Таким образом, даже из нашего беглого обзора видно, что жизнь сообществами не представляет исключения в животном мире она, напротив, является общим правилом — законом природы — и достигает своего полнейшего развития у высших беспозвоночных. Видов, живущих в одиночестве, или только небольшими семействами, очень мало, и они сравнительно немногочисленны. Мало того, есть основание предполагать, что, за немногими исключениями, все те птицы и млекопитающие, которые в настоящее время не живут стадами или стаями, жили ранее сообществами, пока род людской не размножился на земной поверхности и не начал вести против них истребительной войны, а равным образом не стал истреблять их источников прокормления. «On ne s'associe pas pour mourir» (для умирания не собираются вместе), — справедливо заметил Эспинас, а Хузо (Houzeau), хорошо знавший животный мир некоторых частей Америки, раньше чем животные подверглись истреблению человеком в больших размерах, высказал в своих произведениях ту же мысль.

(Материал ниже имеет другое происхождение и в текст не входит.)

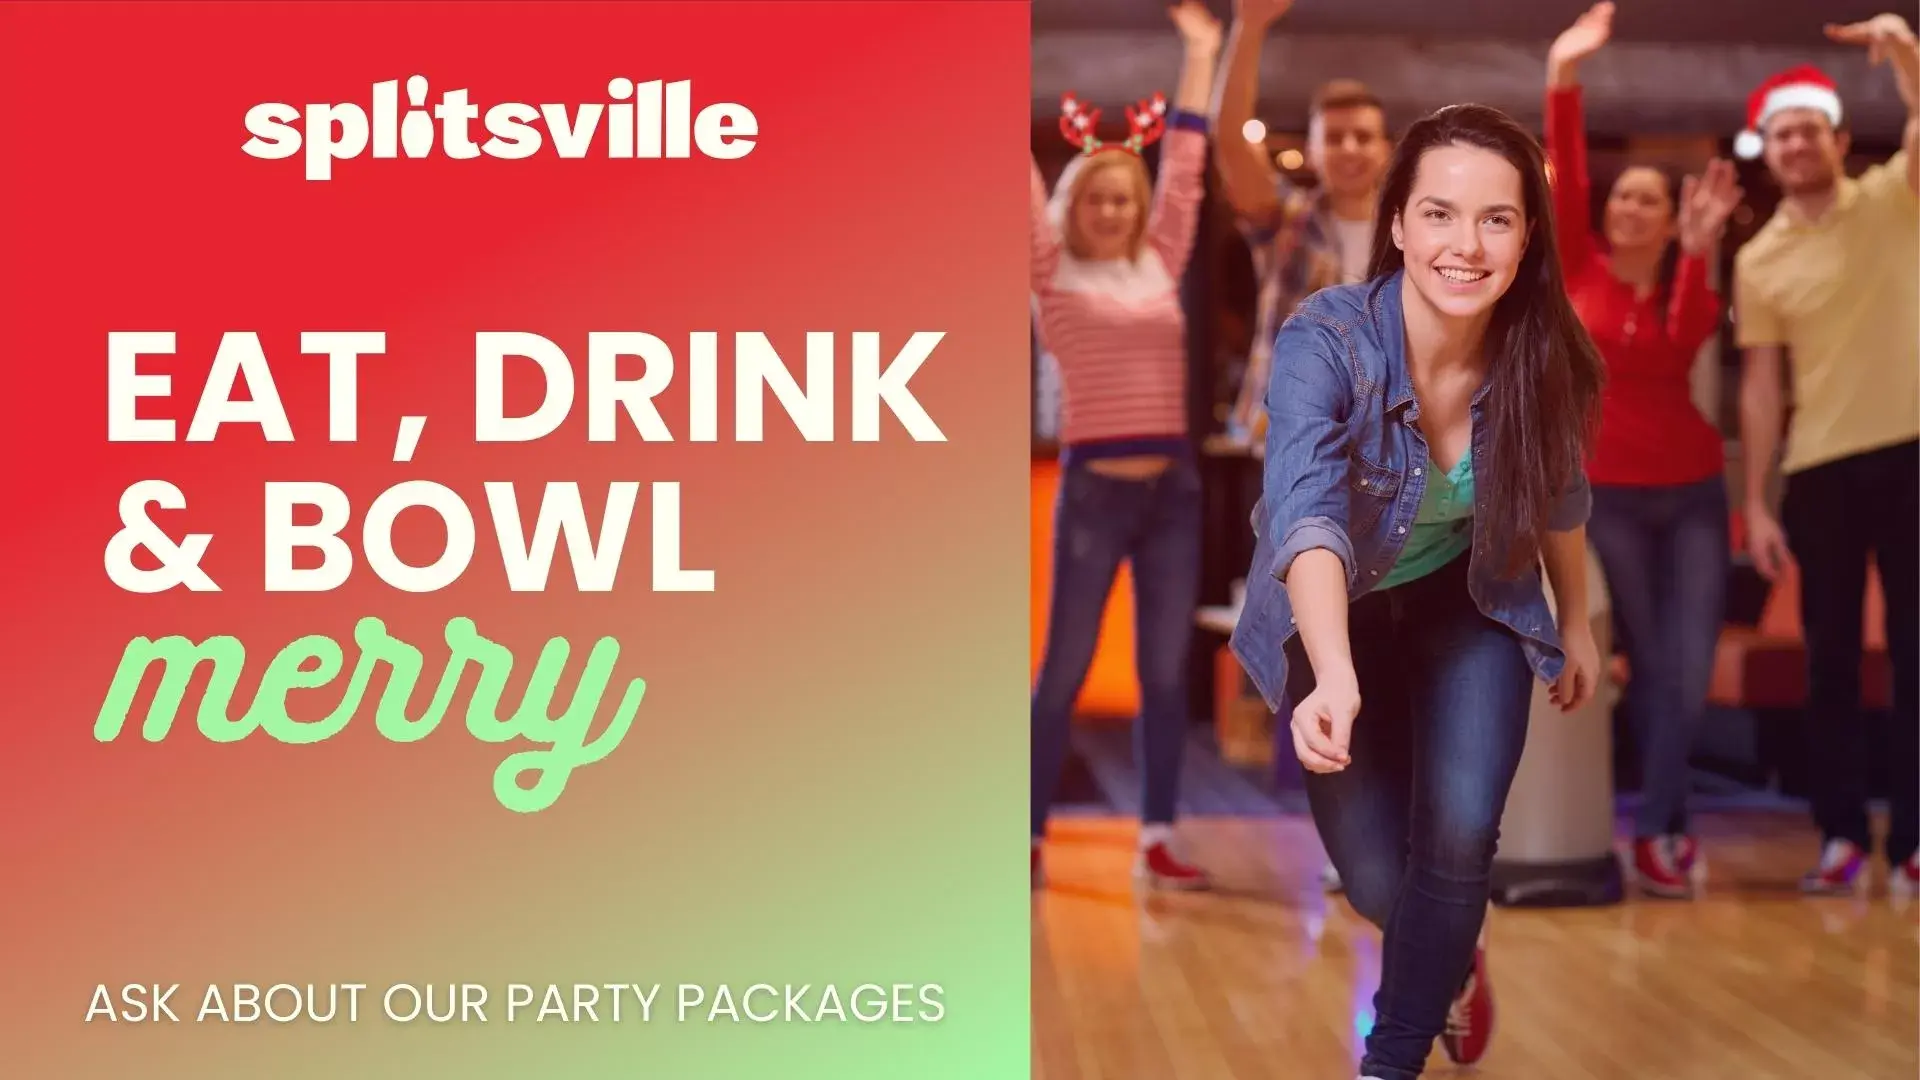 Eat drink and bowl merry with holiday parties at Splitsville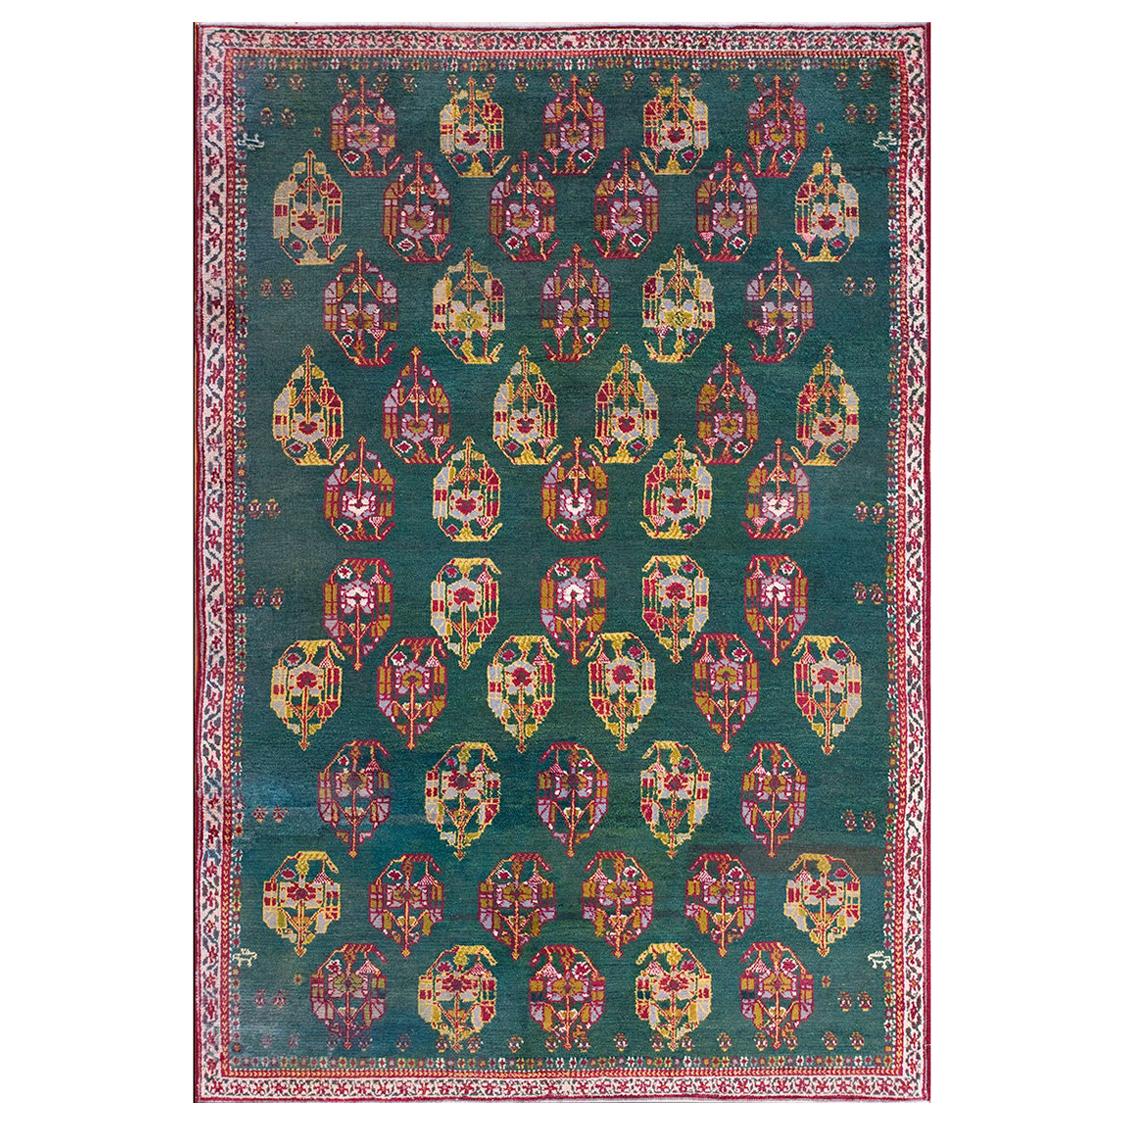 Early 20th Century N. Indian Agra Carpet ( 5'10" x 8'6" - 178 x 260 )

Ассоциация встречается в животном мире на всех ступенях эволюции; и, соответственно великой идее Герберта Спенсера, так блестяще развитой в работе Перье, «Colonies Animales», «колонии», т. е. сообщества, появляются уже в самом начале развития животного мира. Но по мере того, как мы поднимаемся по лестнице эволюции, мы видим, как ассоциация становится всё более и более сознательной. Она теряет свой чисто физический характер, она перестаёт быть просто инстинктивной, и становится обдуманной. Среди высших позвоночных она уже бывает временною, периодичною, или же служит для удовлетворения какой-нибудь определённой потребности, — например, для воспроизведения, для переселений, для охоты или же для взаимной защиты. Она становится даже случайной, — например, когда птицы объединяются против хищника, или млекопитающиеся сходятся для эмиграции под давлением исключительных обстоятельств. В этом последнем случае ассоциация становится добровольным отклонением от обычного образа жизни.
Затем, объединение бывает иногда в две или три степени — сначала семья, потом группа и, наконец, ассоциация групп, обыкновенно рассеянных, но соединяющихся в случае нужды, как мы это видели на примере буйволов и других жвачных. Ассоциация также принимает высшие формы, и тогда обеспечивает большую независимость для каждого отдельного индивидуума, не лишая его, вместе с тем, — выгод общественной жизни. Таким образом, у большинства грызунов каждая семья имеет своё собственное жилище, куда она может удалиться, если пожелает уединения, но эти жилища располагаются селениями и целыми городами, так, чтобы всем обитателям были обеспечены все удобства и удовольствия общественной жизни. И, наконец, у некоторых видов, как например, у крыс, сурков, зайцев и т. д., общительность жизни поддерживается, несмотря на сварливость, или вообще на эгоистические наклонности отдельно взятых особей. Во всех этих случаях общественная жизнь уже не обусловливается, как у Муравьёв и пчёл, физиологическою структурою; она культивируется ради выгод, даваемых взаимной помощью, или же ради приносимых ею удовольствий. И это, конечно, проявляется во всех возможных степенях и при величайшем разнообразии индивидуальных и видовых признаков, — причём самое разнообразие форм общественной жизни является последствием, а для нас и дальнейшим доказательством, её всеобщности.[65]